In the small U.S own of Fairwater (Lyttelton), Frank Bannister, down on his luck, uses his paranormal abilities to eke out a living exorcising houses that have had the Frighteners put on them by his three ghost friends. Frank is in trouble because the editor of the local paper is on to him. His problems are exacerated when police think he is connected to a spate of deaths in the town. Frank sees that the perpetrator of the "heart attacks" is none other than the Grim Reaper, who marks out his victims by carving a number into their foreheads. Joining forces with Lucy, a doctor whose bullying husband has been struck down by the ghoul, Frank and his ghost friends do battle with the Death figure. Meanwhile, Lucy ministers to Patricia, a woman living as a recluse since her release from jail, where she was incarcerated following her participation in psychopathic Johnny Bartlett's mass murder spree at he local hospital. Things turn nasty when Lucy and Frank learn that Bartlett is the Grim Reaper. The showdown, complicated by the ghastly stalkings of a mad FBI agent and by Frank's spasmodic transportation to the scene of the original mass murder, results in the friendly ghosts finding a comfortable place in heaven, the Grim Reaper and his sidekick vanquished, and the brave couple united.

 

 

The hybrid genre of this "thrillomedy" described by Peter Jackson as "Casper meets Silence of the Lambs", allows room for slapstick, splatter, verbal gags, daredevil comic stunt driving and numerous film allusions to be combined with straight action. The frantic pace rushes the tightly packed narrative along. The over-the-top tone compensates for the sometimes perfunctionary attention paid to plot and logic and characters drawn in too-broad strokes. A good natured romp, with Peter Jackson and his baby Billy making brief cameo appearances, the film is more amiable than frightening. Interest is sustained by details like the send-up of Natural Born Killers' psycho-sexual pair bond, the clever use of setting, and the excellent production design.
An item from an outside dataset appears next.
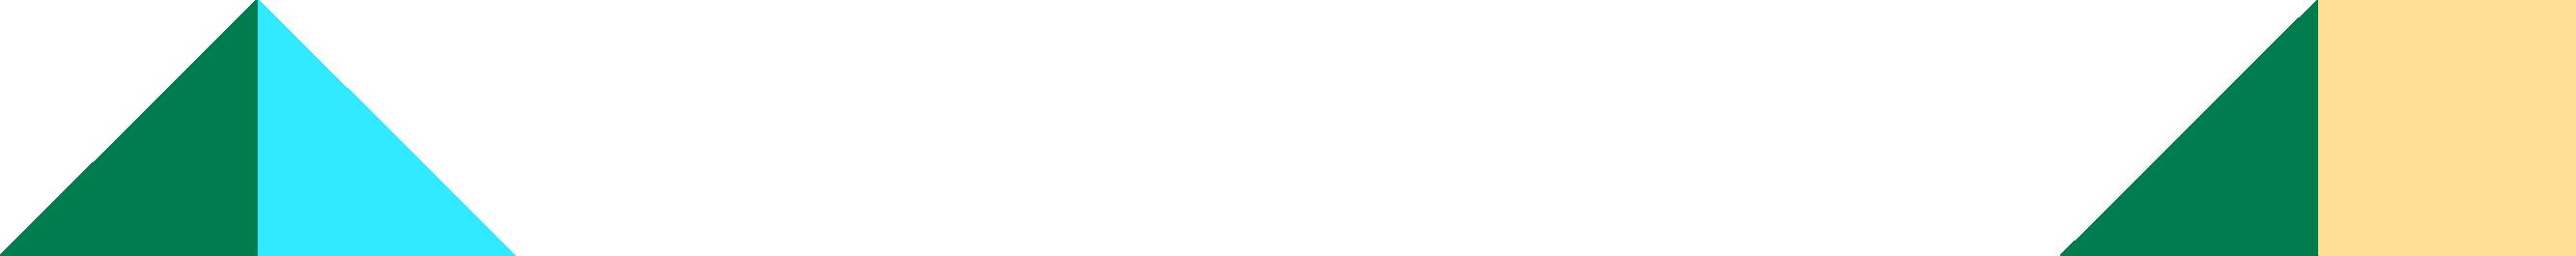 JLIWLR_4-4-D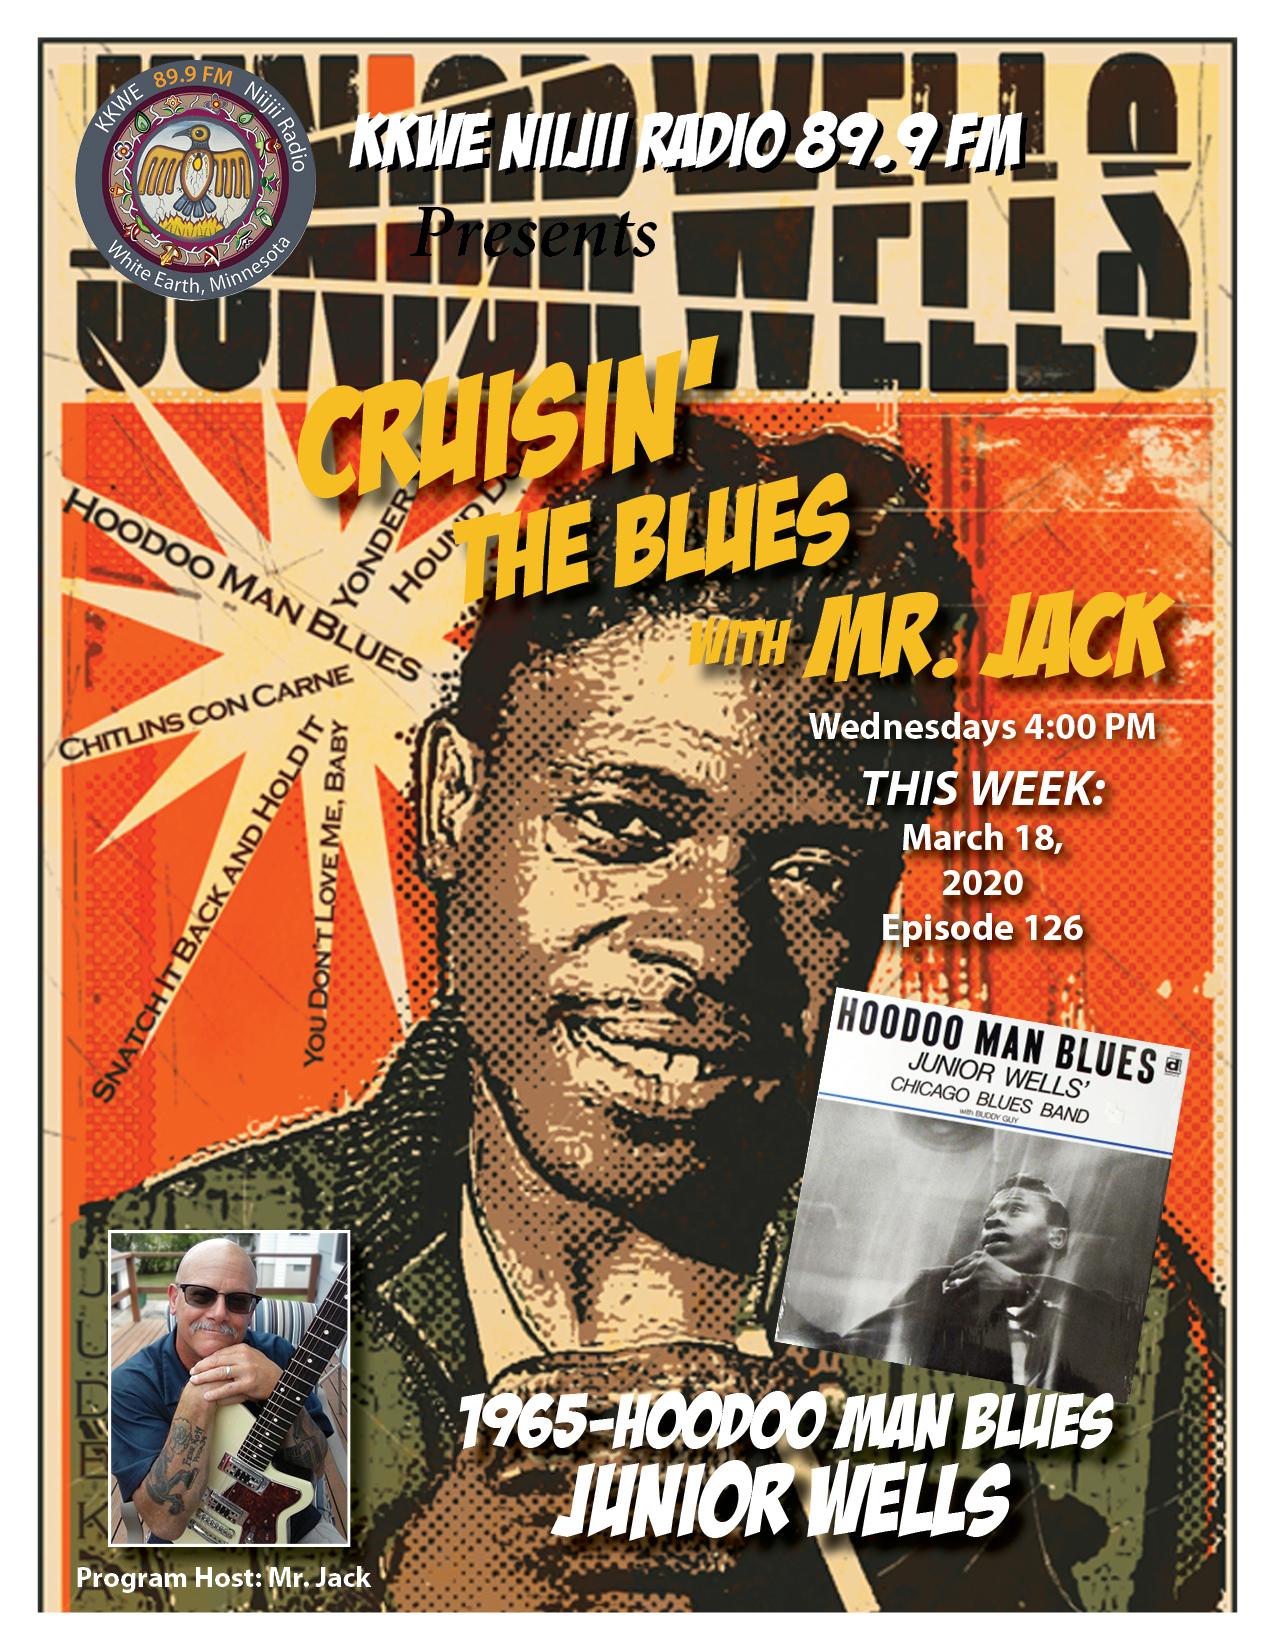 EP126 Hoo Doo Man Blues

In  characteristic Jackson-Walsh style, Frank strikes a tongue-in-cheek blow for the sensitive new age man, while the monster-mother in Braindead resurfaces here as a reformed character. Special effects highlights include the antics of the film's numerous ghosts and the Grim Reaper's vicious hauntings.
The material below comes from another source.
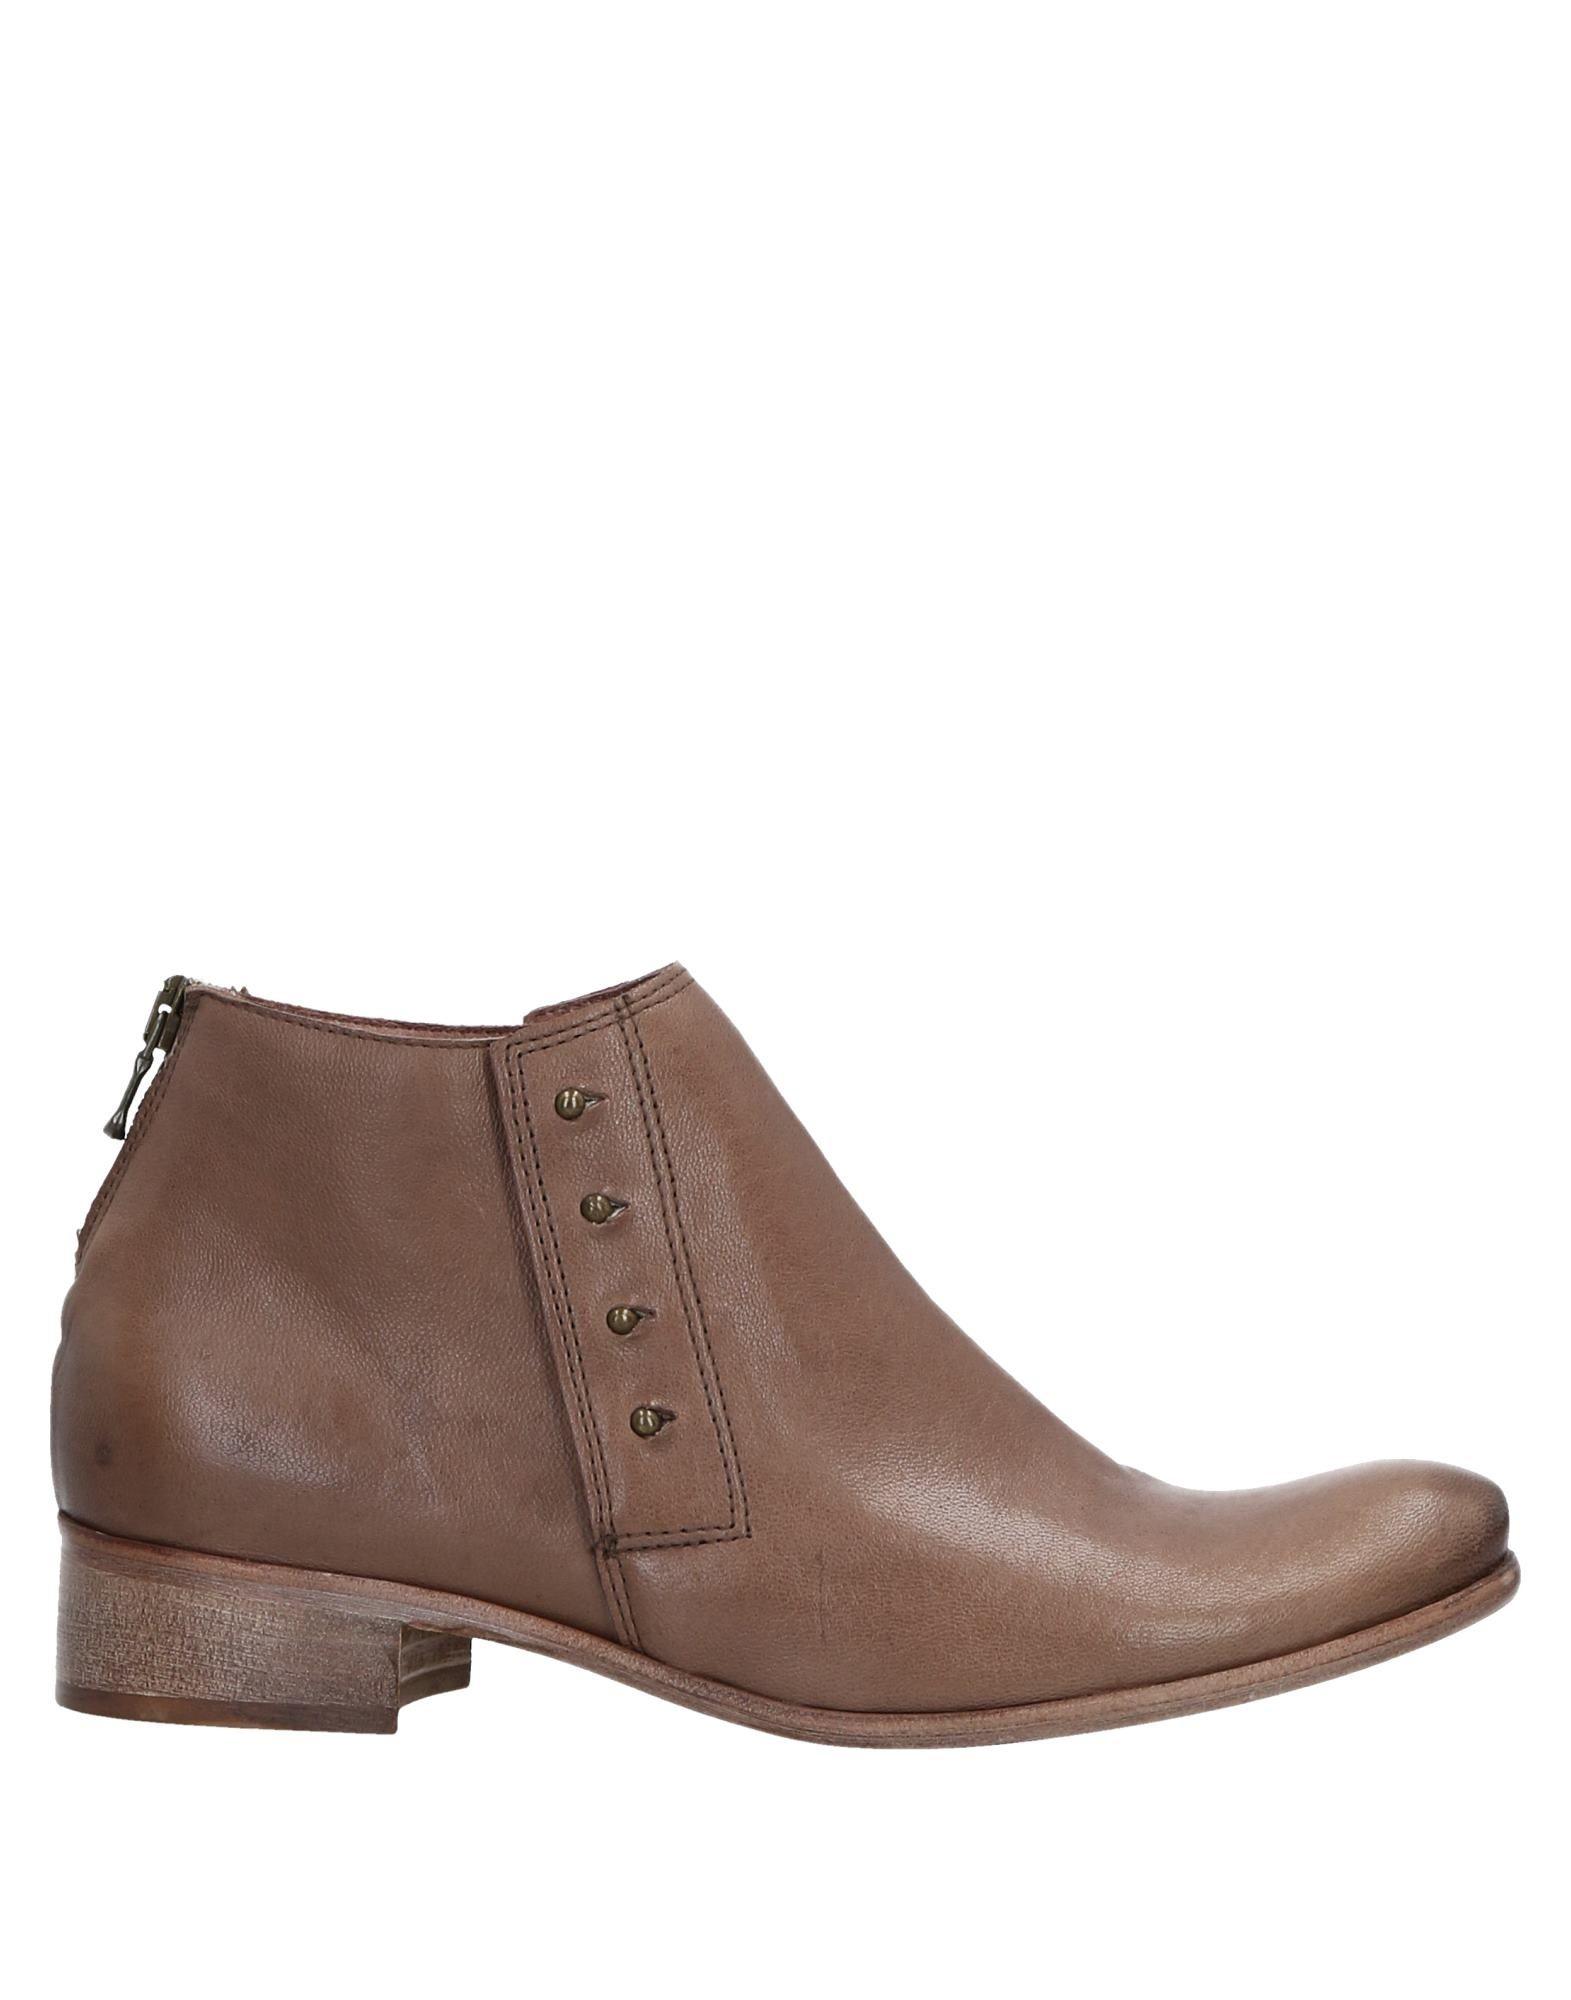 Chiarini Bologna Stiefelette Damen  11517985IL Neue Schuhe

The film employs an army of rotoscope artists, character animators, technical directors, digital compositors and the like. It was fully financed and released by Hollywood's Universal Pictures. Shot and post-produced in New Zealand, The  Frighteners showcases some 500 complex, state-of-the-art special effects, created by WETA LTD, that marked a watershed in computer graphics and raised the international profile of the country's film-making sills.